**WHAT TO DO**
All of the data below must be repeated exactly.

**RECORDS SUPPLIED**
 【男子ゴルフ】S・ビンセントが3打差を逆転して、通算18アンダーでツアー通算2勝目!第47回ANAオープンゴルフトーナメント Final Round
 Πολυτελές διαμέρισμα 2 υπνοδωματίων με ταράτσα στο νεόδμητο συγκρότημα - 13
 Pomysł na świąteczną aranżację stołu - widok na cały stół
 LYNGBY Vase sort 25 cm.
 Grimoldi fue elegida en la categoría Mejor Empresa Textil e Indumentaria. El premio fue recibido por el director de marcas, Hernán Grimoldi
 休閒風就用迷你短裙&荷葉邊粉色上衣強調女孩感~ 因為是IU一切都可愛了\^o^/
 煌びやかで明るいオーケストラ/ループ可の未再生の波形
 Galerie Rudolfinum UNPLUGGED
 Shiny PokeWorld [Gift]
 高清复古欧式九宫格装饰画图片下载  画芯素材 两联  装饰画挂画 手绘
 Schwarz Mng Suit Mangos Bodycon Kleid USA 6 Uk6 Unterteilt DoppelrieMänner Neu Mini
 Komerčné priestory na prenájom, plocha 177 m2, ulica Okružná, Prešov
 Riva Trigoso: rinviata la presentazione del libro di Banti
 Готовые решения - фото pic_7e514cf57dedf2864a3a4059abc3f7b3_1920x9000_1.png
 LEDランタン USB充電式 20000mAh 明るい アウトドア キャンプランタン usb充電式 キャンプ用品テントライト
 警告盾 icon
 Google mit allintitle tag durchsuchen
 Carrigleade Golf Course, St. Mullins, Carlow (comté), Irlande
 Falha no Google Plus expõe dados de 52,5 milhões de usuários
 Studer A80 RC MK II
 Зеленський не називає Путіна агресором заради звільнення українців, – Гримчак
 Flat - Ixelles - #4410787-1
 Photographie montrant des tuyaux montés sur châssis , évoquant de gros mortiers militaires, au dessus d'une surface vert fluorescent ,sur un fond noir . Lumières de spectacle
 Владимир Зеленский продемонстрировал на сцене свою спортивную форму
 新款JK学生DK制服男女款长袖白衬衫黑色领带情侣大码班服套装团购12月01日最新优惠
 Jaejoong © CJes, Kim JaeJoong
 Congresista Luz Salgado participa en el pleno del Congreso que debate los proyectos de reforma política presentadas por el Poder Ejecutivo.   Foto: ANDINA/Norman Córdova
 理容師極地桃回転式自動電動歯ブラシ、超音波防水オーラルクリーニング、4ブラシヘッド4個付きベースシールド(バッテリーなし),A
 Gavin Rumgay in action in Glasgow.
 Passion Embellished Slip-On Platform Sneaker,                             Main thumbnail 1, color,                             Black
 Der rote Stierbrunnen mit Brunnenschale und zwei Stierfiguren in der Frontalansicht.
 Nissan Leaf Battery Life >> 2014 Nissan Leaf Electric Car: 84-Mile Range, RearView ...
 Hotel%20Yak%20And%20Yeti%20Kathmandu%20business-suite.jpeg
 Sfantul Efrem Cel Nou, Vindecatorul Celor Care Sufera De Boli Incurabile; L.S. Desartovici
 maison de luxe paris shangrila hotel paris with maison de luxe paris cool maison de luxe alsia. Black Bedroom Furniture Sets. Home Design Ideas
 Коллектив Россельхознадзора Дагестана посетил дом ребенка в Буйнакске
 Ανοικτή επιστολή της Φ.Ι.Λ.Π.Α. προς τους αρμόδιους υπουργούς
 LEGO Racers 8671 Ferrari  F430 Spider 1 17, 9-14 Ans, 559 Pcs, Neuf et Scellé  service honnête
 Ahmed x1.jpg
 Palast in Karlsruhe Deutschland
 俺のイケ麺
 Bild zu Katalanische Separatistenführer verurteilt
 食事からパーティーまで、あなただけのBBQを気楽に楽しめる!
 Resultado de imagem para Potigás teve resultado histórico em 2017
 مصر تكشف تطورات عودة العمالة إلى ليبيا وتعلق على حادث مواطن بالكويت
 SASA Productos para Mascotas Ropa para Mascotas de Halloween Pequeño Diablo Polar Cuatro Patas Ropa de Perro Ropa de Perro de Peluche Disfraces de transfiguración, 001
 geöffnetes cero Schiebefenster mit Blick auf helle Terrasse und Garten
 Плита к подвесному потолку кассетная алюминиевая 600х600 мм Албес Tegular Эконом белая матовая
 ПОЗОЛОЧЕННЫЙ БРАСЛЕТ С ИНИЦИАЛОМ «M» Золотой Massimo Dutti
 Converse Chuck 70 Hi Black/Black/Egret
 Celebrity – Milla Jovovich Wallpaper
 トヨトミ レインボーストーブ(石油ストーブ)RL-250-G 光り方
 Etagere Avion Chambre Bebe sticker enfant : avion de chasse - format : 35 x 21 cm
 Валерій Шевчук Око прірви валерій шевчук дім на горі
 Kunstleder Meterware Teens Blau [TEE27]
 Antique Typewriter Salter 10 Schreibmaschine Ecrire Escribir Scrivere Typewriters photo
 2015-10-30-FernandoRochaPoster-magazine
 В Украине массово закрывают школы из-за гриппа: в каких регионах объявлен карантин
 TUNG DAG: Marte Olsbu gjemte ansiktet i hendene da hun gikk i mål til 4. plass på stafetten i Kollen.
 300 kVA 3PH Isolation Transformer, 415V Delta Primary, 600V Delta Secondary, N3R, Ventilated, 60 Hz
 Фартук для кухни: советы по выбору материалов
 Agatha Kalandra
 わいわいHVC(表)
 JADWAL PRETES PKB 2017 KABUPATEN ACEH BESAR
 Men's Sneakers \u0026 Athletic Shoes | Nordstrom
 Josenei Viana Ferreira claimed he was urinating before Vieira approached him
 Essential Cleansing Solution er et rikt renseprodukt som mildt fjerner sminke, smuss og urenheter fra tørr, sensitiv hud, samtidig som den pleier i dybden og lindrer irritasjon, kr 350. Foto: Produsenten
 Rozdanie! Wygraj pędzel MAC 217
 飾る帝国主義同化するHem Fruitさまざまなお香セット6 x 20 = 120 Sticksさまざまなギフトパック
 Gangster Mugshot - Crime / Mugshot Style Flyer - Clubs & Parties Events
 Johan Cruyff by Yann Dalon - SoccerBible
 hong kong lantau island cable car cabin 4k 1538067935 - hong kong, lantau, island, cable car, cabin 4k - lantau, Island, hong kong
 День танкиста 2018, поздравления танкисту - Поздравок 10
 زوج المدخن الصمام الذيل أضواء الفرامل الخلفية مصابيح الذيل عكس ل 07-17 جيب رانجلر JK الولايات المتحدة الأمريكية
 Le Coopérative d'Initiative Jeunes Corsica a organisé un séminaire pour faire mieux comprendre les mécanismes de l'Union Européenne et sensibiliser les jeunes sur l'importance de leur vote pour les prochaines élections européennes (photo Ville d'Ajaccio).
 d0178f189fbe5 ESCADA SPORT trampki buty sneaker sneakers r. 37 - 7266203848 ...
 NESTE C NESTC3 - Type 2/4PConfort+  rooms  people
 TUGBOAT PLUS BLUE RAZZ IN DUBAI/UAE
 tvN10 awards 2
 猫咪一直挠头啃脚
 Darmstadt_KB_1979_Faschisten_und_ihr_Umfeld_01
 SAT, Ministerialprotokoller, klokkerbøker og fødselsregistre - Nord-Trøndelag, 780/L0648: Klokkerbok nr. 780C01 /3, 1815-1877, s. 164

**WRITTEN REPLY**
 【男子ゴルフ】S・ビンセントが3打差を逆転して、通算18アンダーでツアー通算2勝目!第47回ANAオープンゴルフトーナメント Final Round
 Πολυτελές διαμέρισμα 2 υπνοδωματίων με ταράτσα στο νεόδμητο συγκρότημα - 13
 Pomysł na świąteczną aranżację stołu - widok na cały stół
 LYNGBY Vase sort 25 cm.
 Grimoldi fue elegida en la categoría Mejor Empresa Textil e Indumentaria. El premio fue recibido por el director de marcas, Hernán Grimoldi
 休閒風就用迷你短裙&荷葉邊粉色上衣強調女孩感~ 因為是IU一切都可愛了\^o^/
 煌びやかで明るいオーケストラ/ループ可の未再生の波形
 Galerie Rudolfinum UNPLUGGED
 Shiny PokeWorld [Gift]
 高清复古欧式九宫格装饰画图片下载  画芯素材 两联  装饰画挂画 手绘
 Schwarz Mng Suit Mangos Bodycon Kleid USA 6 Uk6 Unterteilt DoppelrieMänner Neu Mini
 Komerčné priestory na prenájom, plocha 177 m2, ulica Okružná, Prešov
 Riva Trigoso: rinviata la presentazione del libro di Banti
 Готовые решения - фото pic_7e514cf57dedf2864a3a4059abc3f7b3_1920x9000_1.png
 LEDランタン USB充電式 20000mAh 明るい アウトドア キャンプランタン usb充電式 キャンプ用品テントライト
 警告盾 icon
 Google mit allintitle tag durchsuchen
 Carrigleade Golf Course, St. Mullins, Carlow (comté), Irlande
 Falha no Google Plus expõe dados de 52,5 milhões de usuários
 Studer A80 RC MK II
 Зеленський не називає Путіна агресором заради звільнення українців, – Гримчак
 Flat - Ixelles - #4410787-1
 Photographie montrant des tuyaux montés sur châssis , évoquant de gros mortiers militaires, au dessus d'une surface vert fluorescent ,sur un fond noir . Lumières de spectacle
 Владимир Зеленский продемонстрировал на сцене свою спортивную форму
 新款JK学生DK制服男女款长袖白衬衫黑色领带情侣大码班服套装团购12月01日最新优惠
 Jaejoong © CJes, Kim JaeJoong
 Congresista Luz Salgado participa en el pleno del Congreso que debate los proyectos de reforma política presentadas por el Poder Ejecutivo.   Foto: ANDINA/Norman Córdova
 理容師極地桃回転式自動電動歯ブラシ、超音波防水オーラルクリーニング、4ブラシヘッド4個付きベースシールド(バッテリーなし),A
 Gavin Rumgay in action in Glasgow.
 Passion Embellished Slip-On Platform Sneaker,                             Main thumbnail 1, color,                             Black
 Der rote Stierbrunnen mit Brunnenschale und zwei Stierfiguren in der Frontalansicht.
 Nissan Leaf Battery Life >> 2014 Nissan Leaf Electric Car: 84-Mile Range, RearView ...
 Hotel%20Yak%20And%20Yeti%20Kathmandu%20business-suite.jpeg
 Sfantul Efrem Cel Nou, Vindecatorul Celor Care Sufera De Boli Incurabile; L.S. Desartovici
 maison de luxe paris shangrila hotel paris with maison de luxe paris cool maison de luxe alsia. Black Bedroom Furniture Sets. Home Design Ideas
 Коллектив Россельхознадзора Дагестана посетил дом ребенка в Буйнакске
 Ανοικτή επιστολή της Φ.Ι.Λ.Π.Α. προς τους αρμόδιους υπουργούς
 LEGO Racers 8671 Ferrari  F430 Spider 1 17, 9-14 Ans, 559 Pcs, Neuf et Scellé  service honnête
 Ahmed x1.jpg
 Palast in Karlsruhe Deutschland
 俺のイケ麺
 Bild zu Katalanische Separatistenführer verurteilt
 食事からパーティーまで、あなただけのBBQを気楽に楽しめる!
 Resultado de imagem para Potigás teve resultado histórico em 2017
 مصر تكشف تطورات عودة العمالة إلى ليبيا وتعلق على حادث مواطن بالكويت
 SASA Productos para Mascotas Ropa para Mascotas de Halloween Pequeño Diablo Polar Cuatro Patas Ropa de Perro Ropa de Perro de Peluche Disfraces de transfiguración, 001
 geöffnetes cero Schiebefenster mit Blick auf helle Terrasse und Garten
 Плита к подвесному потолку кассетная алюминиевая 600х600 мм Албес Tegular Эконом белая матовая
 ПОЗОЛОЧЕННЫЙ БРАСЛЕТ С ИНИЦИАЛОМ «M» Золотой Massimo Dutti
 Converse Chuck 70 Hi Black/Black/Egret
 Celebrity – Milla Jovovich Wallpaper
 トヨトミ レインボーストーブ(石油ストーブ)RL-250-G 光り方
 Etagere Avion Chambre Bebe sticker enfant : avion de chasse - format : 35 x 21 cm
 Валерій Шевчук Око прірви валерій шевчук дім на горі
 Kunstleder Meterware Teens Blau [TEE27]
 Antique Typewriter Salter 10 Schreibmaschine Ecrire Escribir Scrivere Typewriters photo
 2015-10-30-FernandoRochaPoster-magazine
 В Украине массово закрывают школы из-за гриппа: в каких регионах объявлен карантин
 TUNG DAG: Marte Olsbu gjemte ansiktet i hendene da hun gikk i mål til 4. plass på stafetten i Kollen.
 300 kVA 3PH Isolation Transformer, 415V Delta Primary, 600V Delta Secondary, N3R, Ventilated, 60 Hz
 Фартук для кухни: советы по выбору материалов
 Agatha Kalandra
 わいわいHVC(表)
 JADWAL PRETES PKB 2017 KABUPATEN ACEH BESAR
 Men's Sneakers \u0026 Athletic Shoes | Nordstrom
 Josenei Viana Ferreira claimed he was urinating before Vieira approached him
 Essential Cleansing Solution er et rikt renseprodukt som mildt fjerner sminke, smuss og urenheter fra tørr, sensitiv hud, samtidig som den pleier i dybden og lindrer irritasjon, kr 350. Foto: Produsenten
 Rozdanie! Wygraj pędzel MAC 217
 飾る帝国主義同化するHem Fruitさまざまなお香セット6 x 20 = 120 Sticksさまざまなギフトパック
 Gangster Mugshot - Crime / Mugshot Style Flyer - Clubs & Parties Events
 Johan Cruyff by Yann Dalon - SoccerBible
 hong kong lantau island cable car cabin 4k 1538067935 - hong kong, lantau, island, cable car, cabin 4k - lantau, Island, hong kong
 День танкиста 2018, поздравления танкисту - Поздравок 10
 زوج المدخن الصمام الذيل أضواء الفرامل الخلفية مصابيح الذيل عكس ل 07-17 جيب رانجلر JK الولايات المتحدة الأمريكية
 Le Coopérative d'Initiative Jeunes Corsica a organisé un séminaire pour faire mieux comprendre les mécanismes de l'Union Européenne et sensibiliser les jeunes sur l'importance de leur vote pour les prochaines élections européennes (photo Ville d'Ajaccio).
 d0178f189fbe5 ESCADA SPORT trampki buty sneaker sneakers r. 37 - 7266203848 ...
 NESTE C NESTC3 - Type 2/4PConfort+  rooms  people
 TUGBOAT PLUS BLUE RAZZ IN DUBAI/UAE
 tvN10 awards 2
 猫咪一直挠头啃脚
 Darmstadt_KB_1979_Faschisten_und_ihr_Umfeld_01
 SAT, Ministerialprotokoller, klokkerbøker og fødselsregistre - Nord-Trøndelag, 780/L0648: Klokkerbok nr. 780C01 /3, 1815-1877, s. 164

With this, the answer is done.